Finally, we explored the details of posttreatment virologic and treatment history in the 6 AMU and 13 MBA TDR individuals with longitudinal viral load follow-up data. Among the six AMU TDR cases (Table 1, lower half ), 2/6 (33%) were prescribed initial regimens that were appropriate, given their TDR profiles (i.e., three active drugs); both achieved lasting virologic suppression until study cutoff (AMU001 and AMU012). In the remaining 4/6 (67%) who were prescribed initial regimens contraindicated by their TDR profiles, two experienced virologic failure (defined as unsuppressed viral load >400 copies/ml, AMU037 and AMU049; one or no active drug) while surprisingly the other two experienced lasting virologic suppression for 392 and 256 days until study cutoff (AMU055 and AMU071; two active drugs each, despite pretherapy K103N in AMU071). Once suppressed, we observed no cases of virologic rebound among these cases until study cutoff.

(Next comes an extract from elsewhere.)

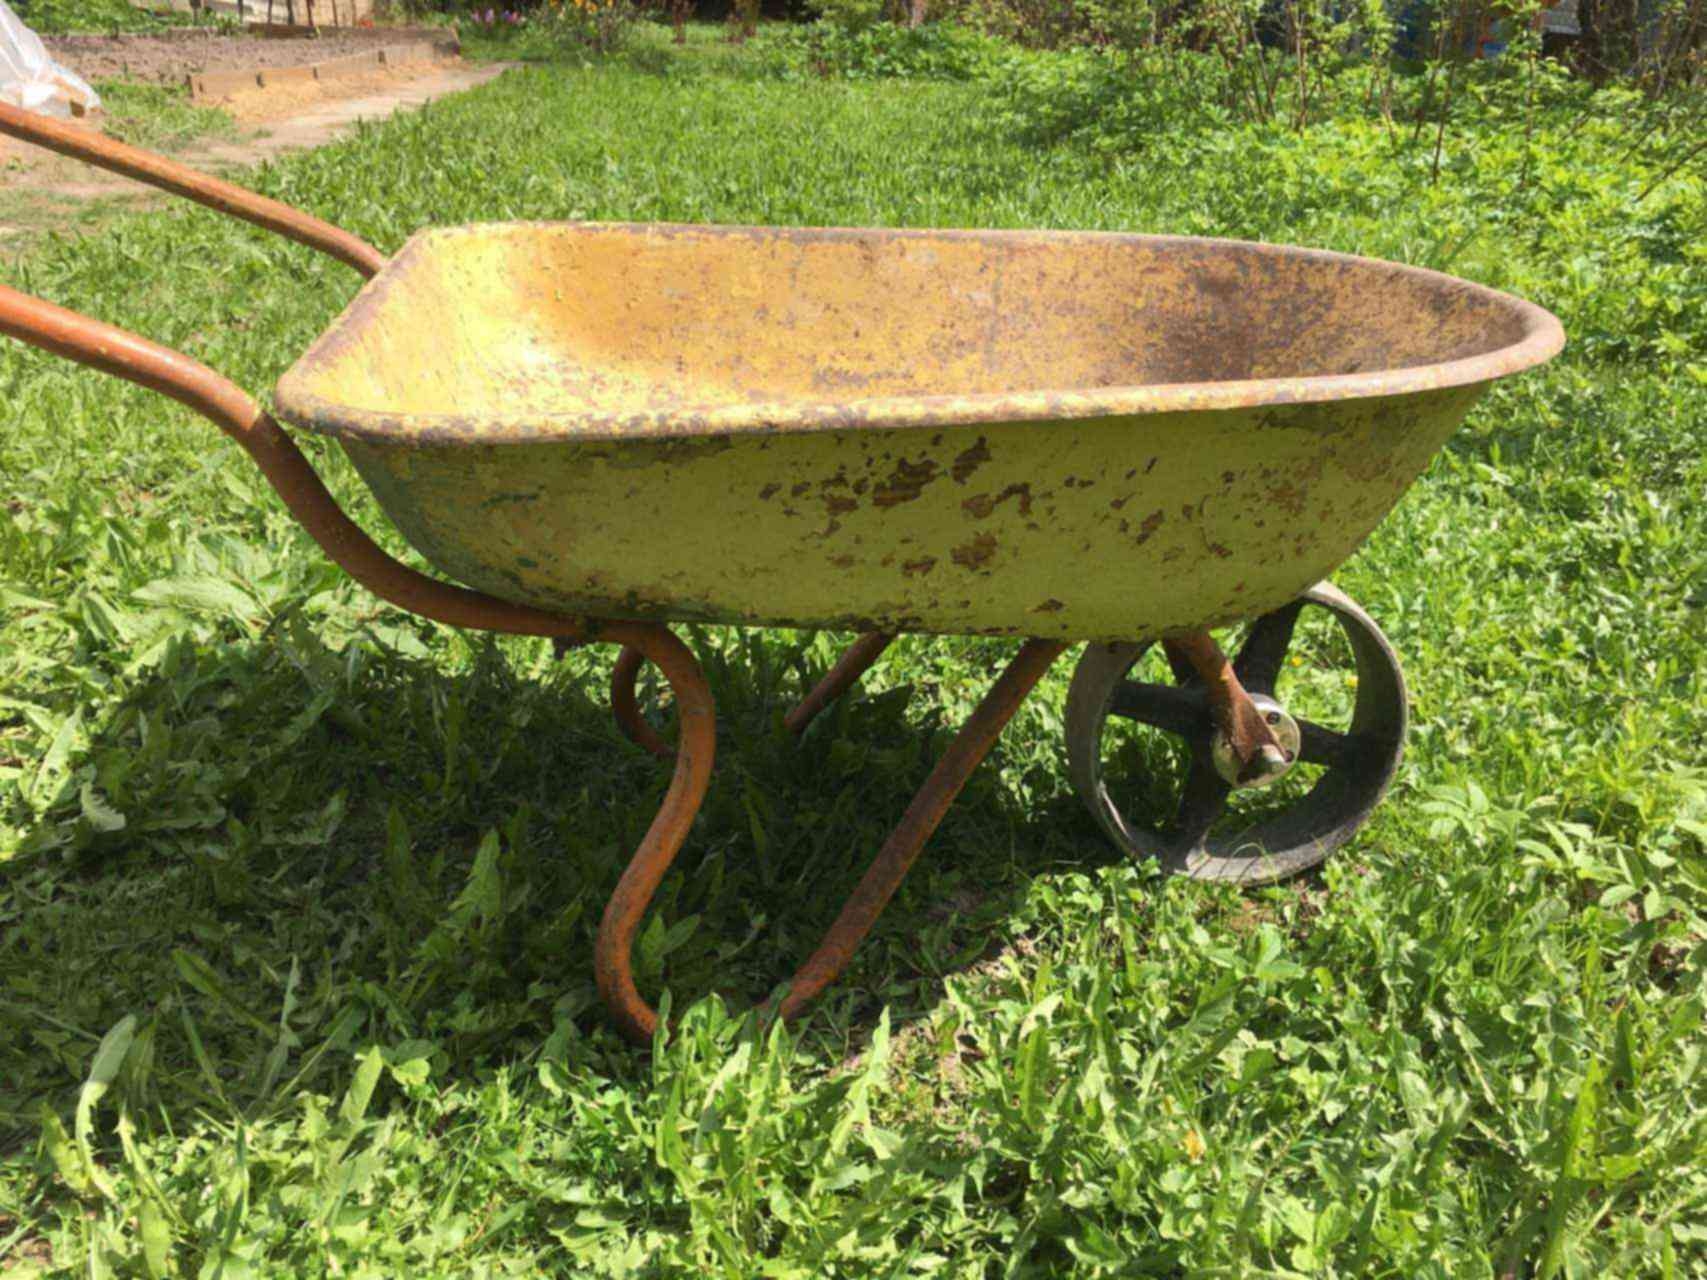 Первоуралец попытался украсть металл у ЕВРАЗа на садовой тележке

Of the 13 MBA TDR cases with longitudinal viral load follow-up (Table 2, lower half ), only one (MBA 1323) received an initial regimen that was not contraindicated by the pretherapy resistance profile (i.e., three active drugs). This patient achieved and maintained virologic suppression throughout the study duration. In the remaining 12/13 (92%) who were prescribed initial regimens contraindicated by their pretherapy resistance profiles, virologic failure was observed in 4/12 (33%) for 252–835 days (MBA 1057, 1202, 1300, 1309; all had NNRTI-associated mutations K101E, K103N, or Y181C; all received NVP; one to two active drugs). One of them never achieved virologic suppression and did not have their regimen modified until study cutoff, and three of them achieved suppression only when removed from NNRTI-containing regimens. Again surprisingly, 5/12 (42%) who received contraindicated first regimens (MBA 1118, 1161, 1347, 1466, 1467; two active drugs each) experienced continuously suppressed viral loads
Posttherapy genotypic resistance (sequence) data were available for eight MBA TDR cases; all eventually developed other NRTI and/or NNRTI resistance mutations (Table 4). The most common additional resistance mutation observed was M184V; all eight developed this mutation after receiving 3TC/d4T and/or 3TC/AZT. Only 1/8 subjects received PI lopinavir (LPV), but resistance to LPV was not detected.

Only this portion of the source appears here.